Wir wollen nicht hinnehmen, dass solche Positionen Raum auf Konferenzen unserer Partei erhalten. Offene Grenzen für Menschen sind im Gegensatz zur aktuellen Grenzpolitik keine neoliberale Idee. Der Kapitalismus braucht Grenzregime zur Schaffung Profit steigernder prekärer Arbeit. Dies wird gerade durch Entrechtung, unsicheren Aufenthaltsstatus und das so mögliche in Konkurrenz setzen von Arbeiter*innen erreicht. Von dieser Spaltung der Arbeiter*innenklasse profitieren allein die Kapitalist*innen. Eine politökonomische und gesellschaftskritische linke Analyse muss betonen, dass nicht Migration die soziale Ungleichheit und Armut in Deutschland erzeugt, sondern der neoliberale Kapitalismus. Dieser dereguliert seit 30 Jahren Arbeitsverhältnisse, baut soziale Infrastrukturen ab, privatisiert öffentliche Güter, verursacht einen systematischen Niedriglohnsektor, unwürdige Arbeitsbedingungen, Zukunftsangst und hohe Mieten.

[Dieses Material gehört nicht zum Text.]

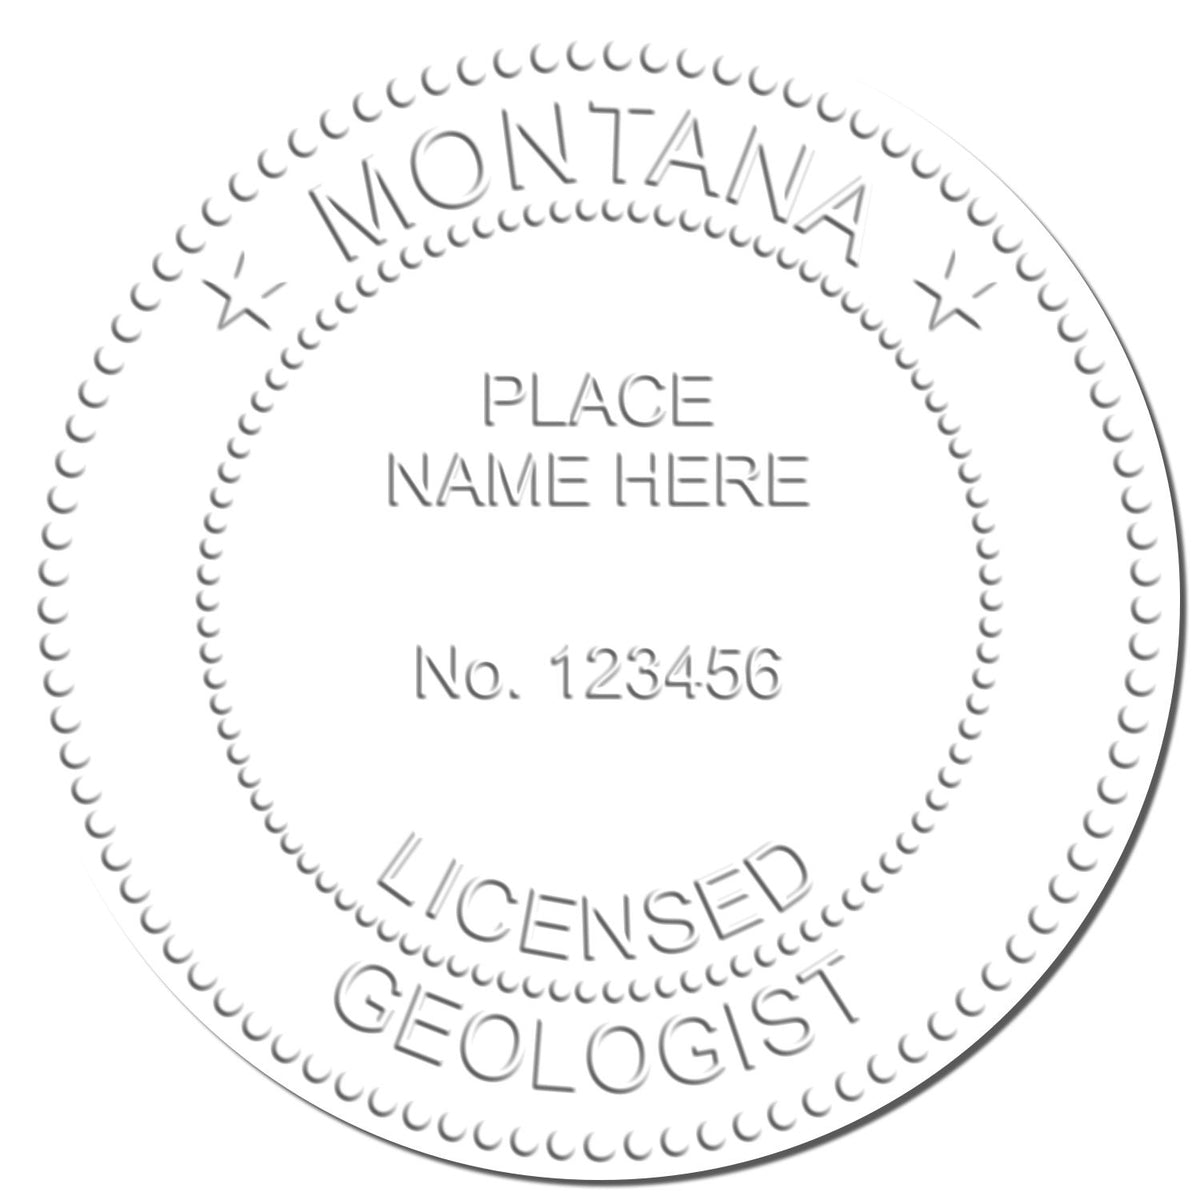 This paper is stamped with a sample imprint of the Handheld Montana Professional Geologist Embosser, signifying its quality and reliability.

Unsere Antwort darauf lautet radikale Umverteilung von oben nach unten, guter Mindestlohn für alle, eine echte Existenzsicherung, Legalisierung aller Einwohner*innen, so dass sie eben nicht zum Löhne drücken eingesetzt werden können, und gemeinsame gewerkschaftliche Organisierung. Als LINKE müssen wir weiterhin und verstärkt Teil von migrantischen und sozialen Bewegungen sein und Solidarität praktisch leben. Wir begreifen die neu Ankommenden als Teil unserer »Klasse« und Teil einer Weltarbeiterschaft im gemeinsamen Kampf gegen rechte und neoliberale Hegemonie. Das verstehen wir unter verbindender Klassenpolitik und wir werden diese Perspektive gemeinsam mit vielen Genoss*innen und Verbündeten weiter starkmachen.

Die Migrationskonferenz war ein Schlagabtausch, aber kein konstruktiver, der uns vorangebracht hätte. Die künftigen Konferenzen müssen - wie es die meisten Referent*innen forderten - sich damit befassen, wie eine progressive zukunftsweisende Migrationspolitik konkret ausgestaltet, wie sie mit der Klassenfrage verbunden und wie die Idee der solidarischen Städte gestärkt und mit Leben gefüllt werden kann.

Elif Eralp ist Mitglied des LINKE-Landesvorstands Berlin. Sofia Leonidakis ist Abgeordnete der Bremischen Bürgerschaft und Mitglied im Parteivorstand der LINKEN. Pazhare Heidari ist Mitglied der LINKEN im Berliner Stadtteil Kreuzberg und zudem Aktivistin bei »Aufstehen gegen Rassismus«. Mahir Türkmen ist Mitglied der LINKEN.